WHAT YOU WILL DO: Word for word, restate the listing that follows and leave out the images.

DATA BELOW:
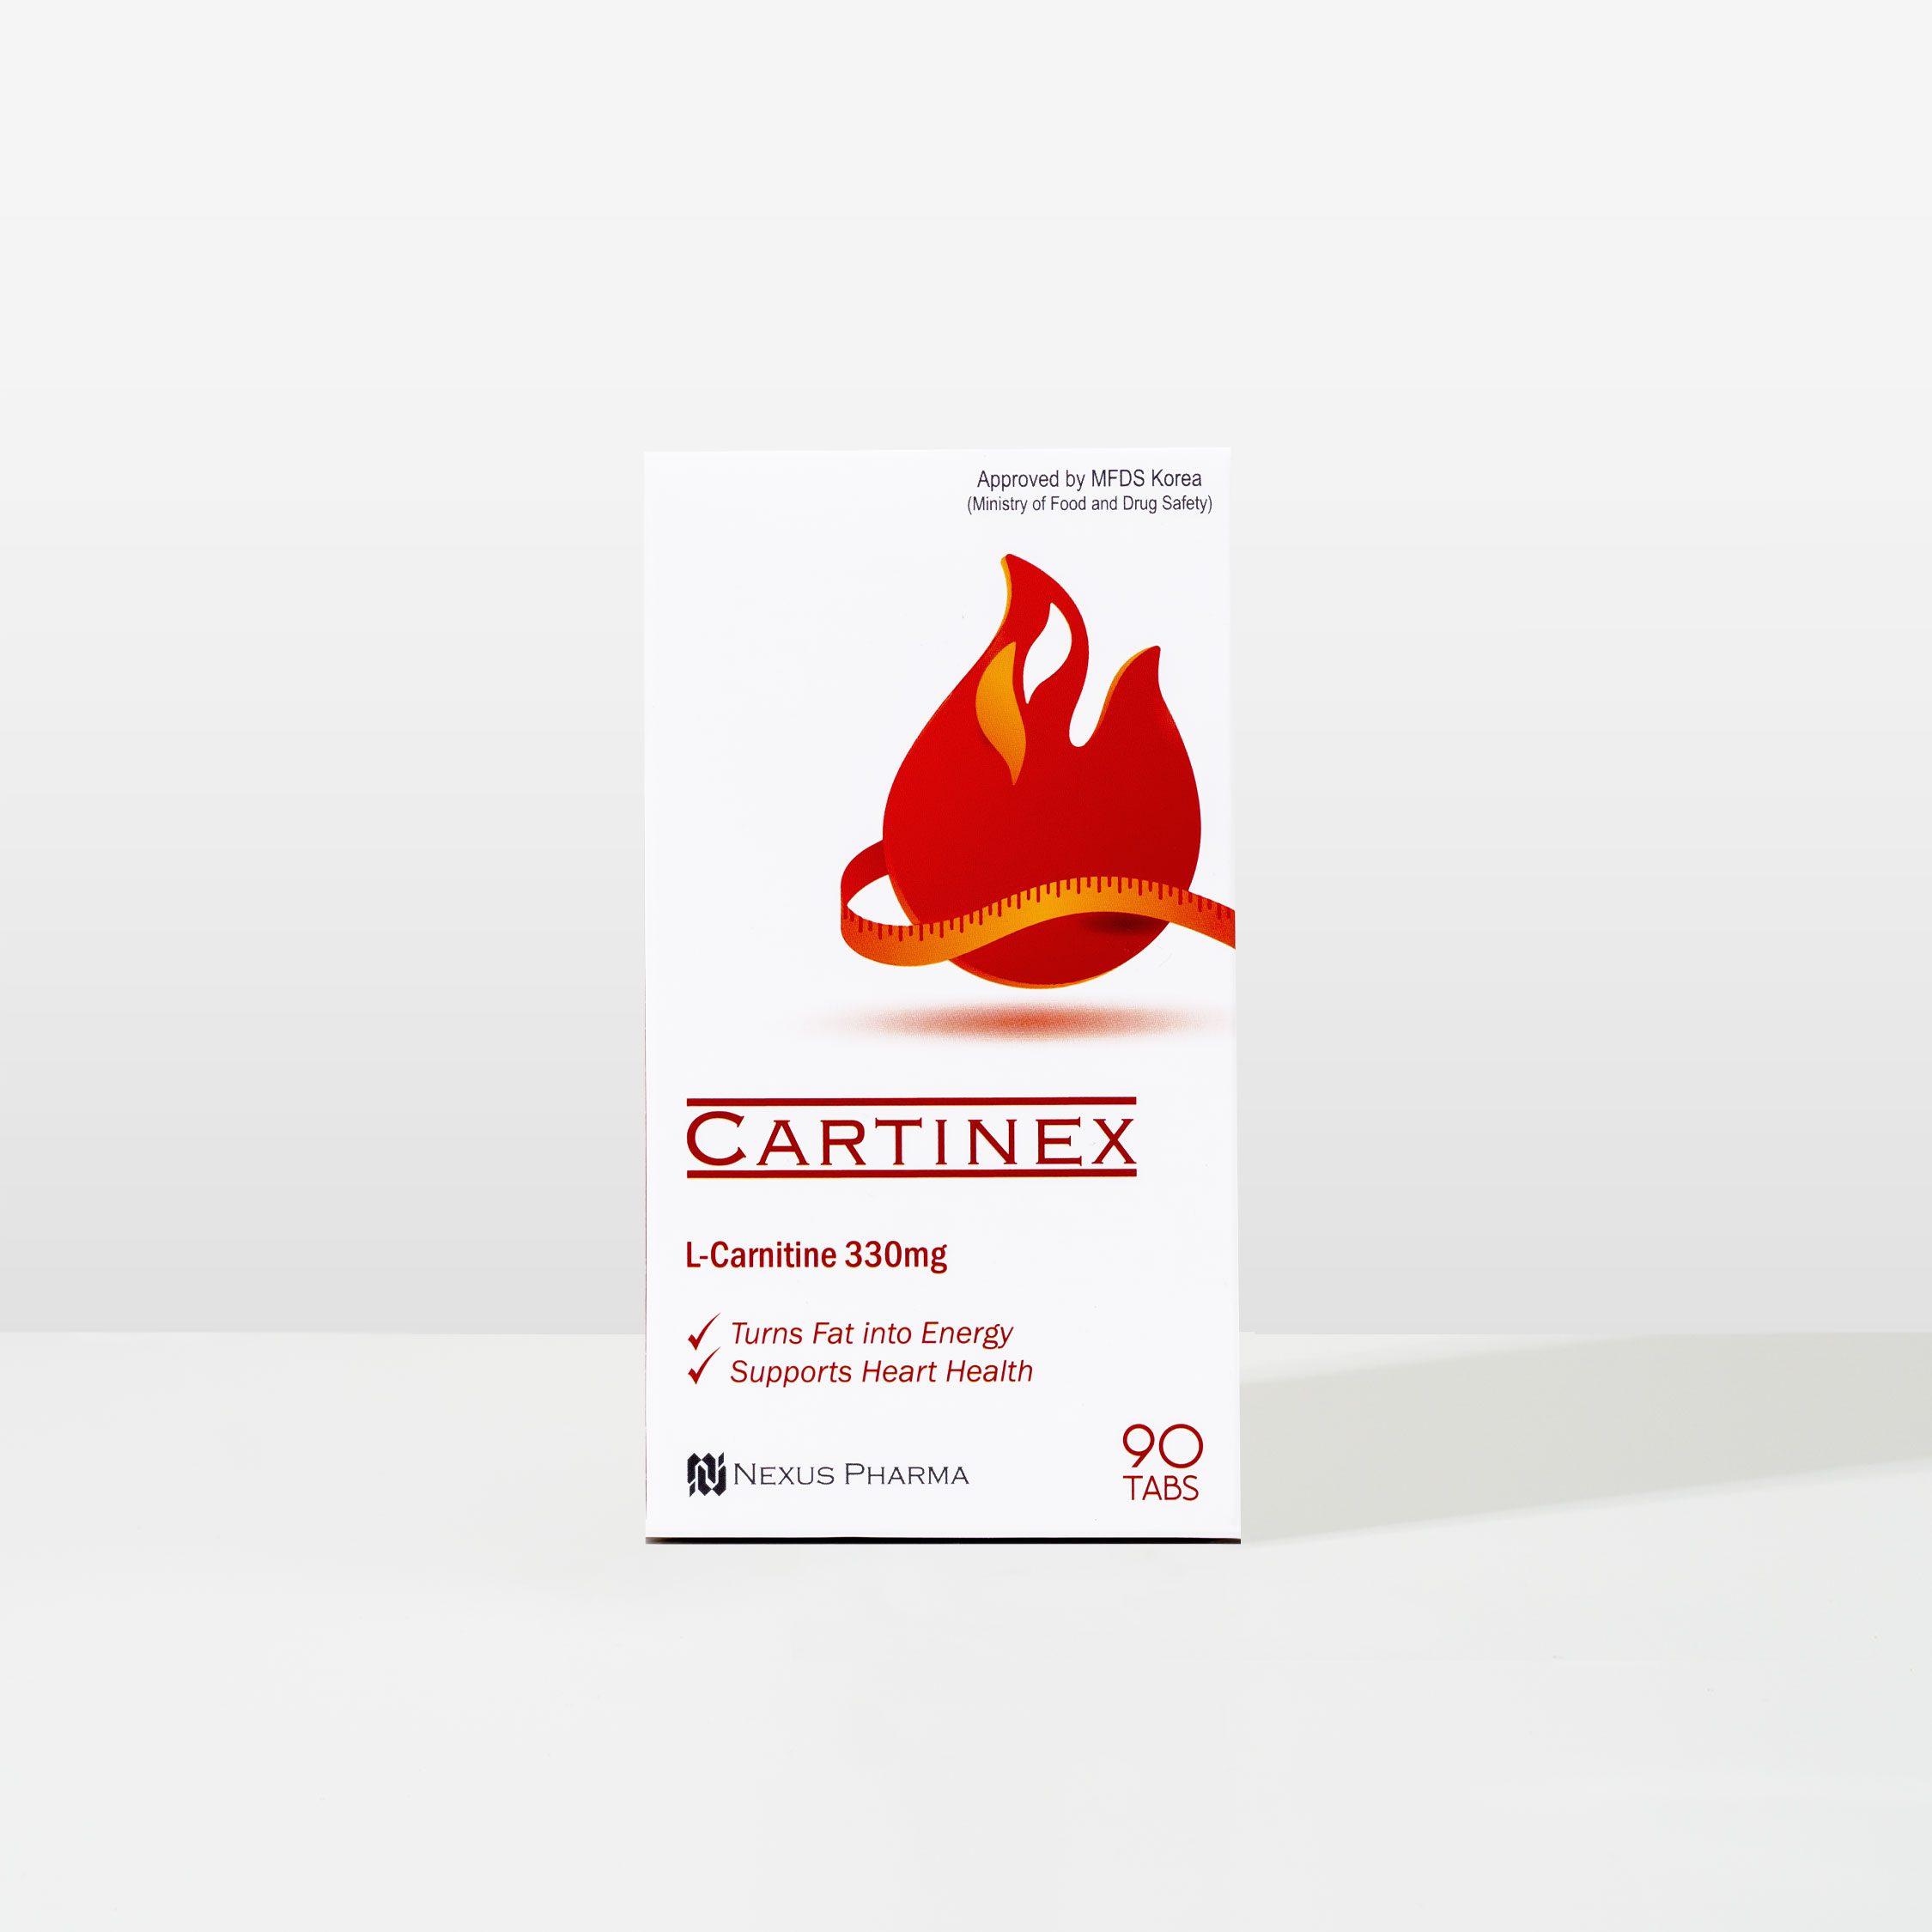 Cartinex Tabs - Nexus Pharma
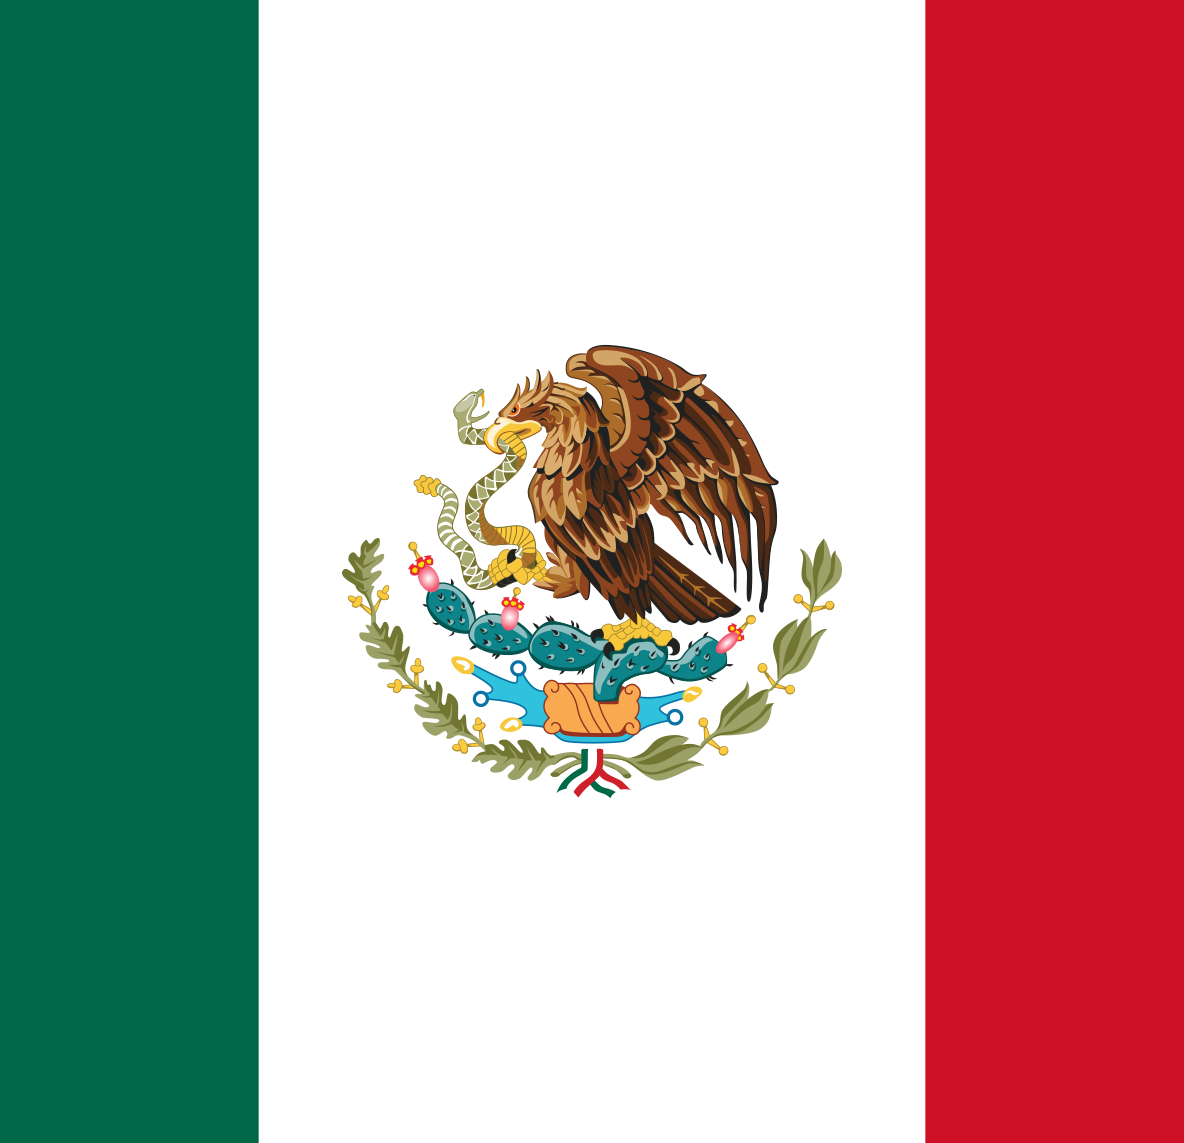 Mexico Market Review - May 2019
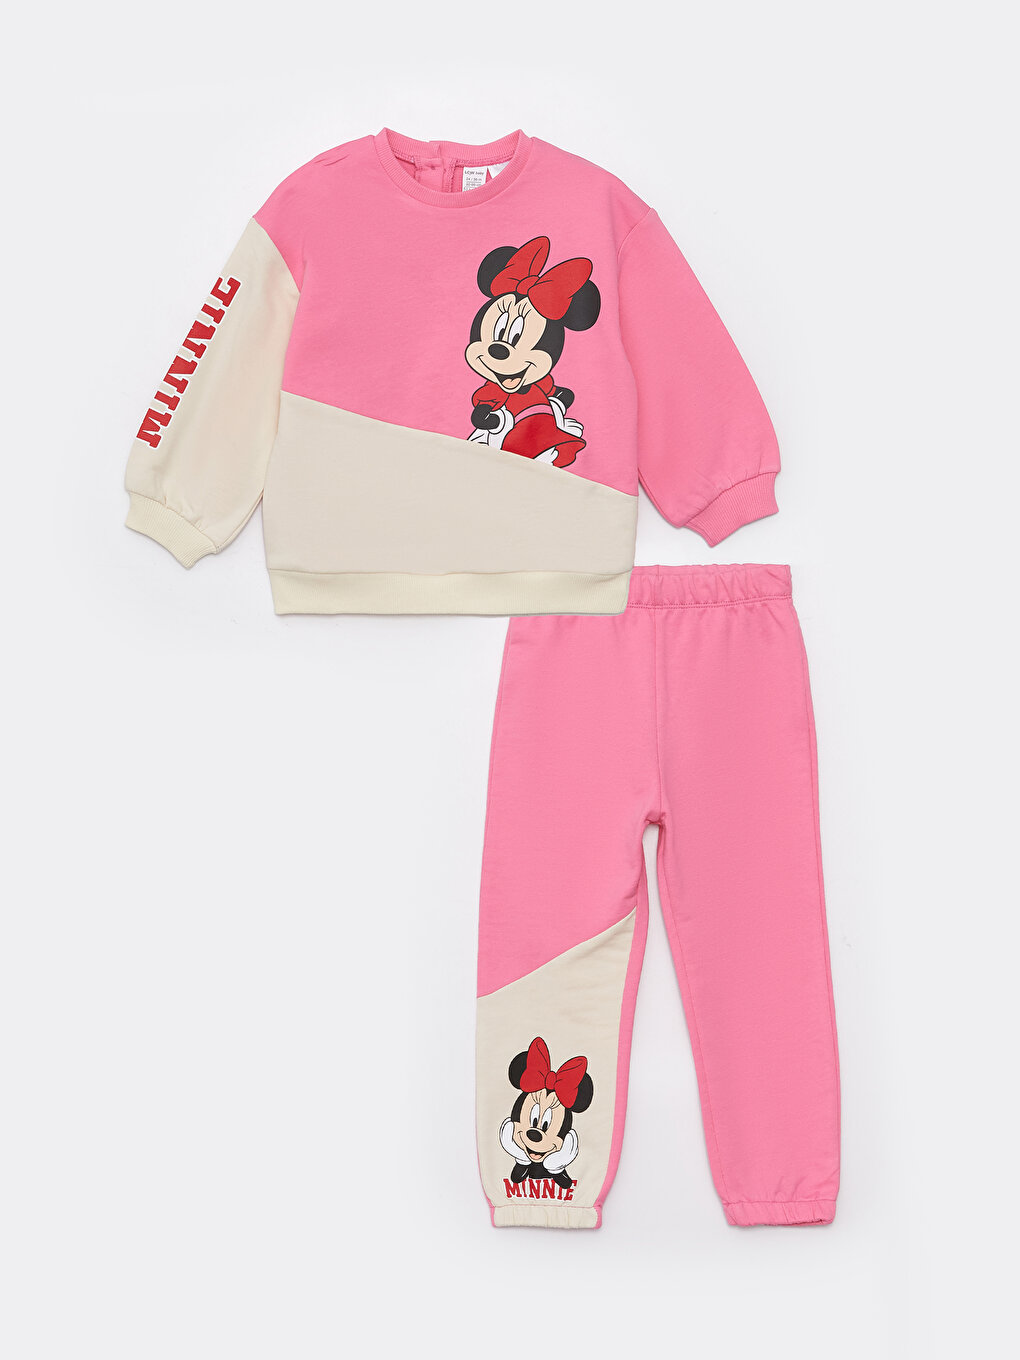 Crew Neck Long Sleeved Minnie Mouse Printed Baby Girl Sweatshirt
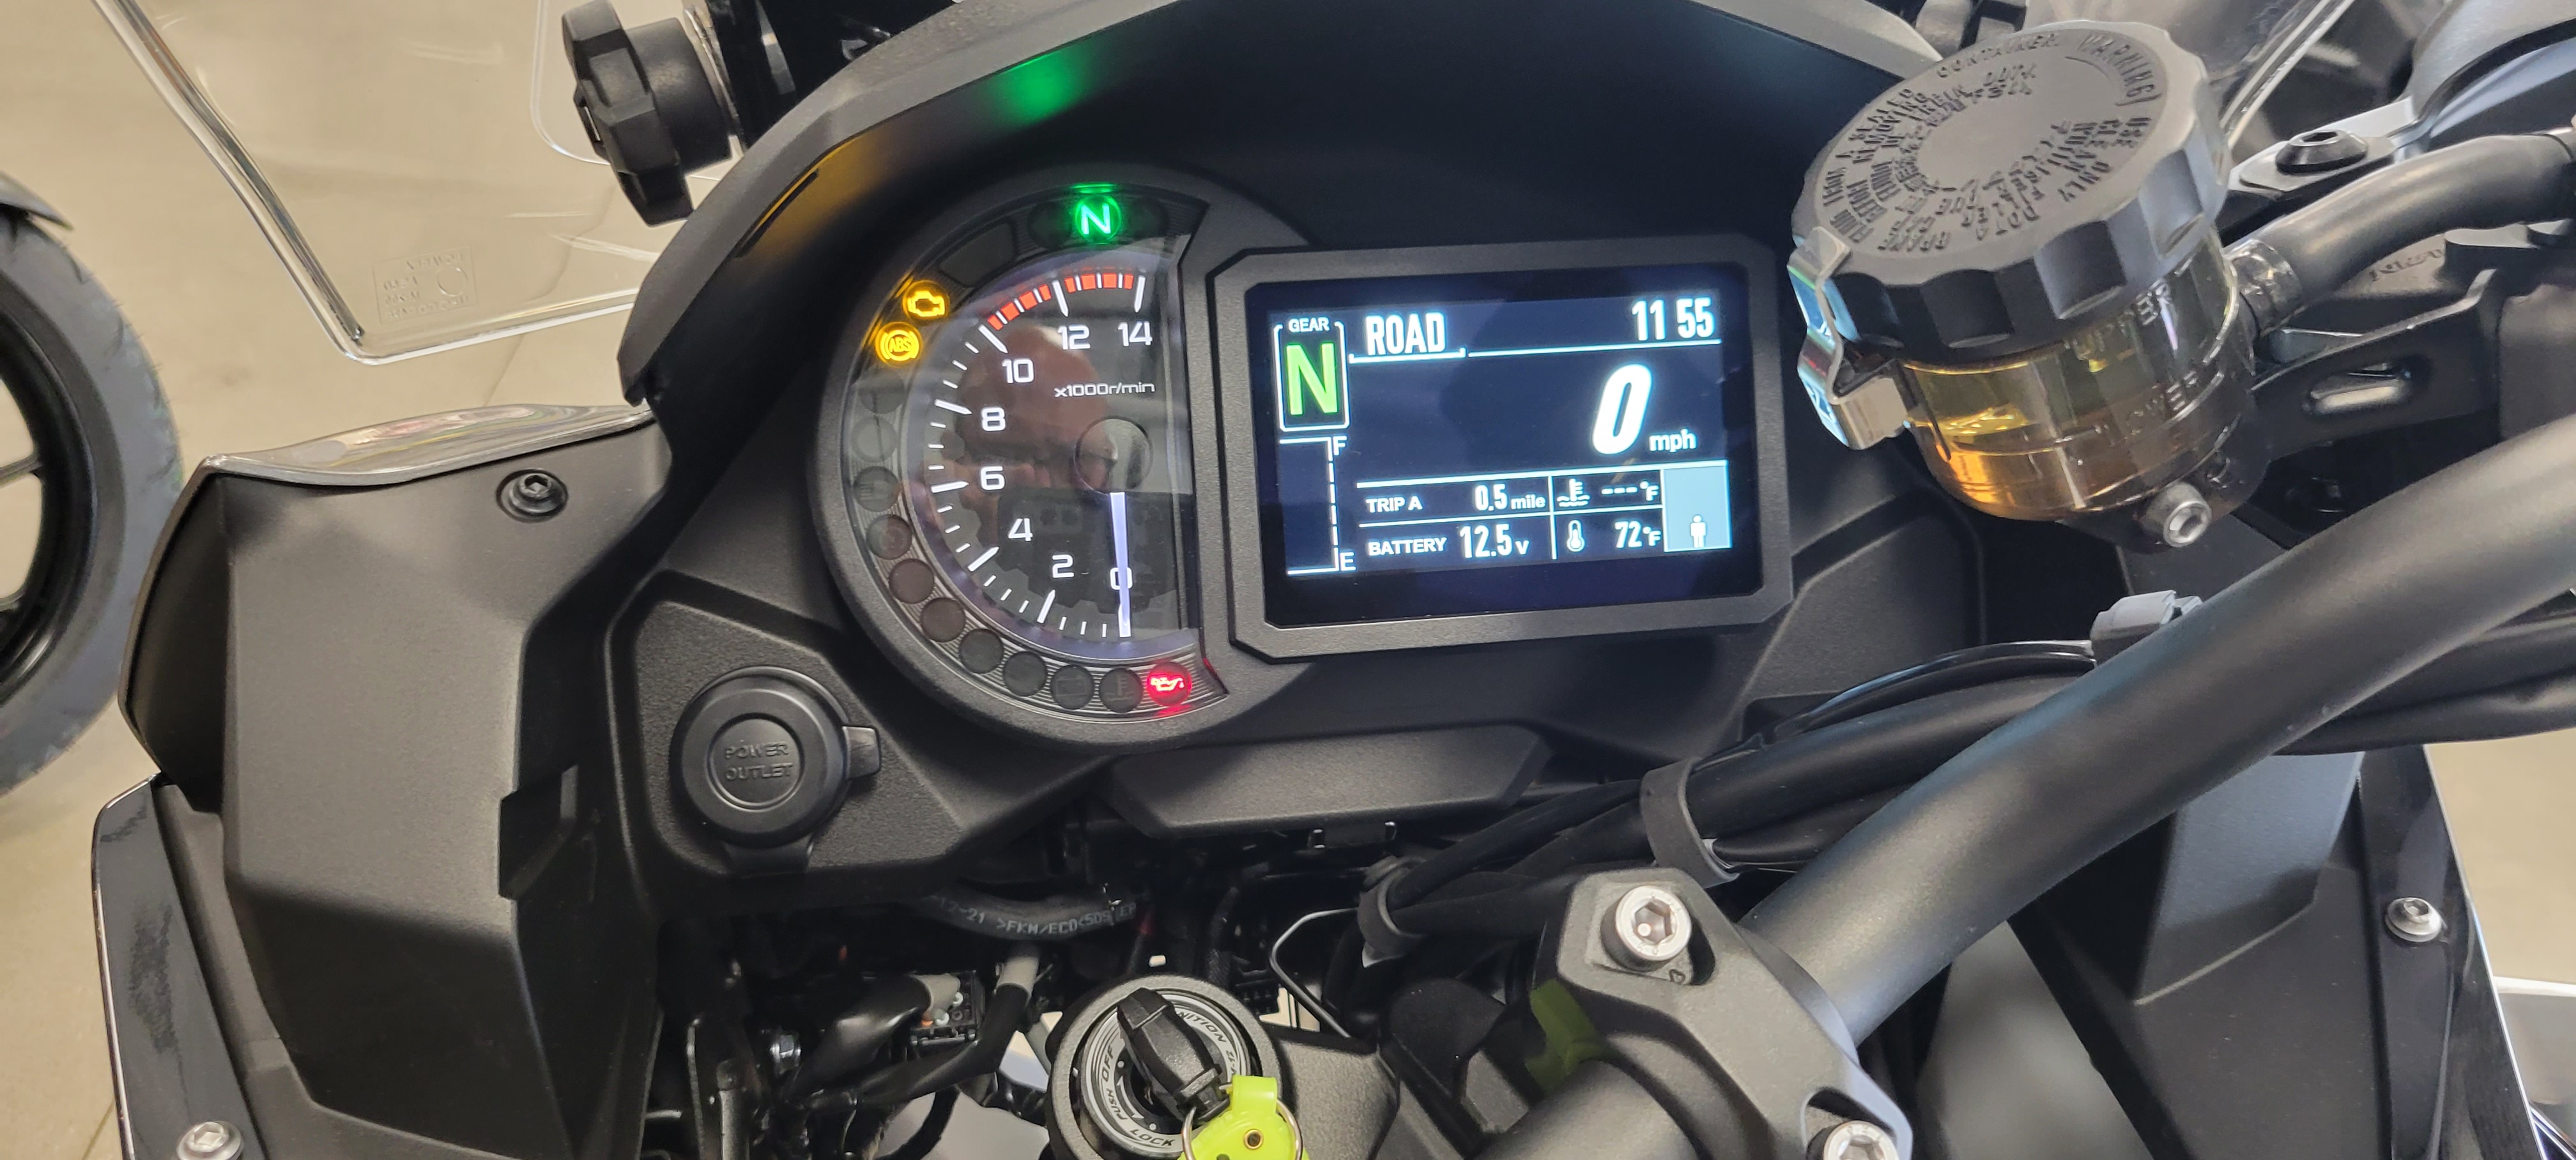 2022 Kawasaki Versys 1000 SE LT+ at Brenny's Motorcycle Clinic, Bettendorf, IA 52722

ANSWER BOX:
 Cartinex Tabs - Nexus Pharma
 Mexico Market Review - May 2019
 Crew Neck Long Sleeved Minnie Mouse Printed Baby Girl Sweatshirt
 2022 Kawasaki Versys 1000 SE LT+ at Brenny's Motorcycle Clinic, Bettendorf, IA 52722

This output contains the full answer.